Interaction of forming temperature and grain size effect in micro/meso-scale plastic deformation of nickel-base superalloy

In high temperature meso/micro plastic forming process, material yield and deformation are quite different from those at atmospheric temperature. The flow stress decreases quite obviously by the raise of forming temperature and is also modified by the change of inner grain numbers. Moreover, the traditional micro-forming theory is often crippled or rendered totally inefficient under thermal condition due to the interacted effects. To explore the coupled effect of grain size and deformation temperature on thermally-aided meso/micro-scale plastic deformation, uniaxial tensile tests of Inconel 718 sheets with different inner grain sizes are performed at diverse temperatures. The experimental results reveal that both yield stress and flow stress decrease with the increasing particle size and temperature. A strong grain size effect emerges at atmospheric temperature, while decays with the increase of deformation temperature.
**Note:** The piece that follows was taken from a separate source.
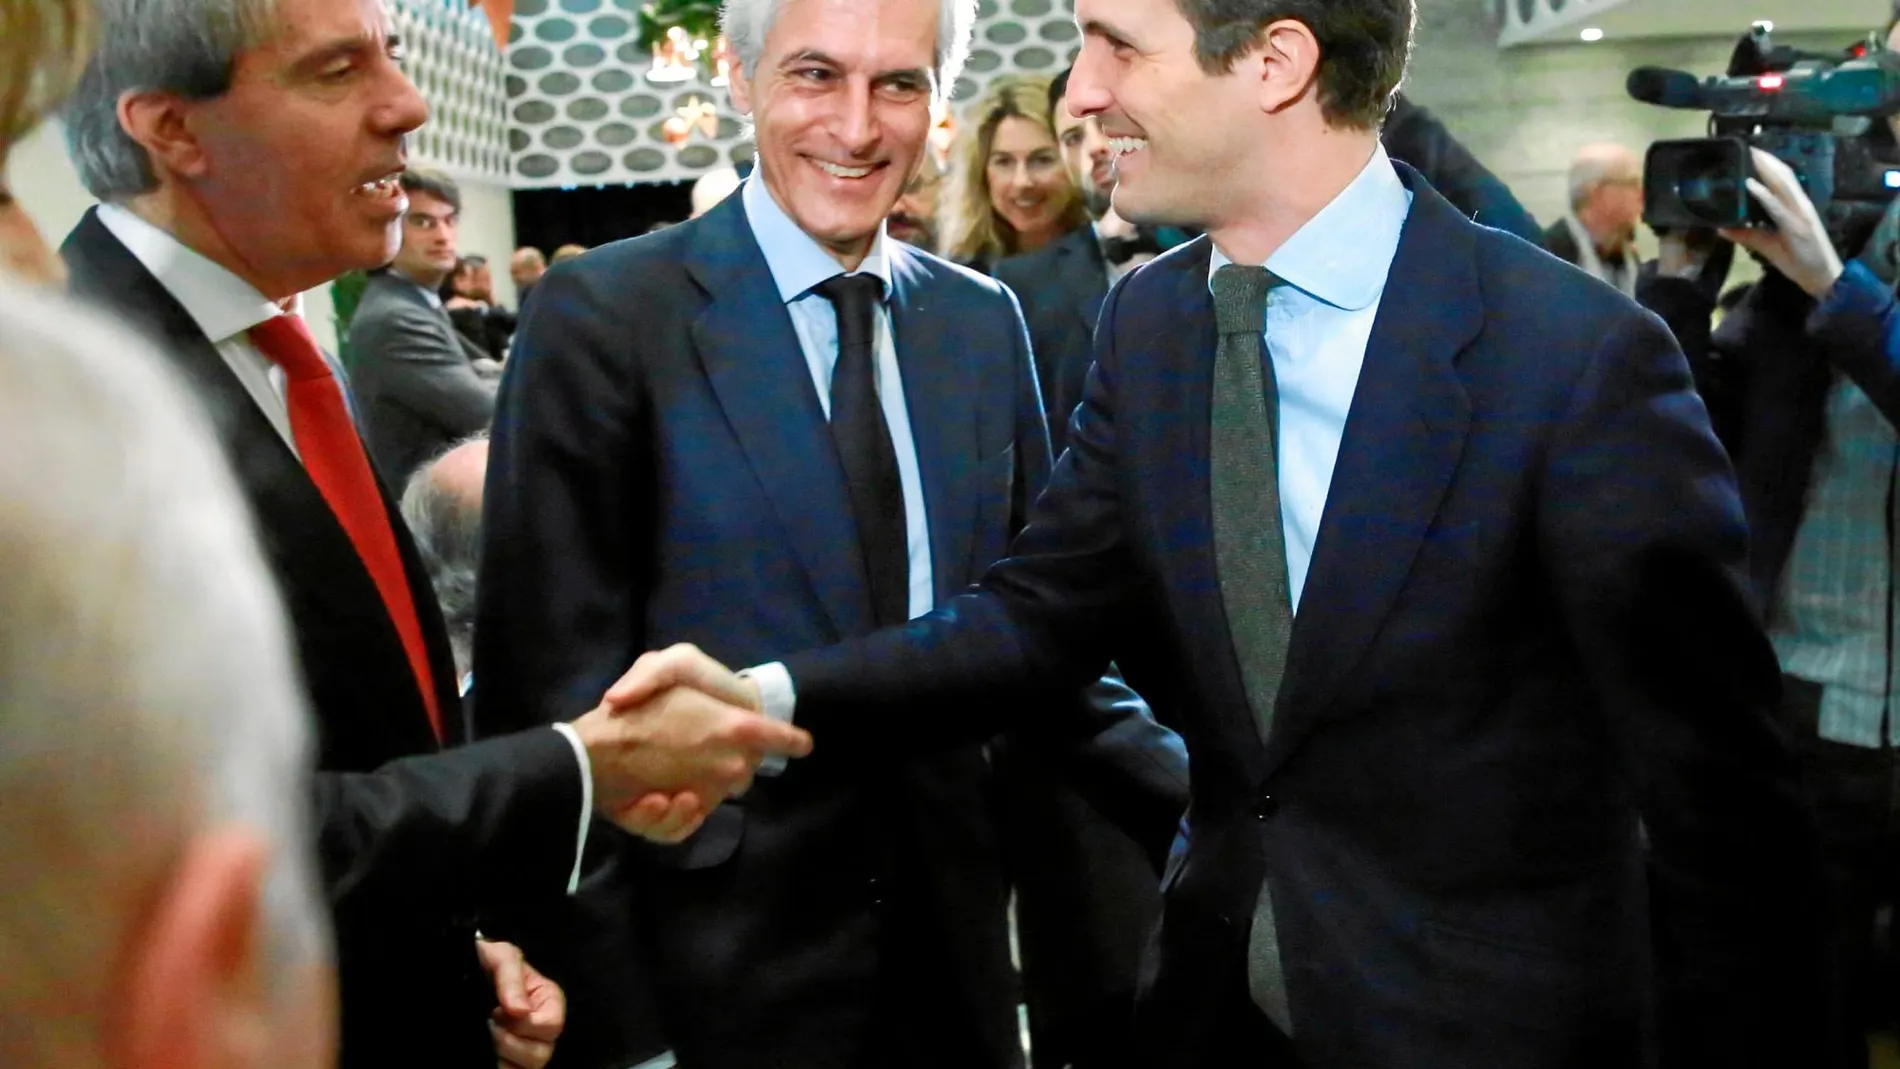 Adolfo Suárez Illana, en la imagen, junto a Pablo Casado y Ángel Garrido, es uno de los nombres que ha sonado con más fuerza como posible candidato

In addition, an exponential relationship between intercept stress and deformation temperature is established at specific strain level, while the slope decreases with the increasing temperature as well as the deformation strain level, which could be interpreted by the dislocation theory and the grain boundary strengthening effect. Furthermore, a modified Zerilli-Armstrong model is proposed to describe the flow stress considering the deformation temperature and grain size simultaneously. The research thus provides an in-depth understanding of the interactive effect of deformation temperature and material microstructure in meso/micro-scale plastic deformation.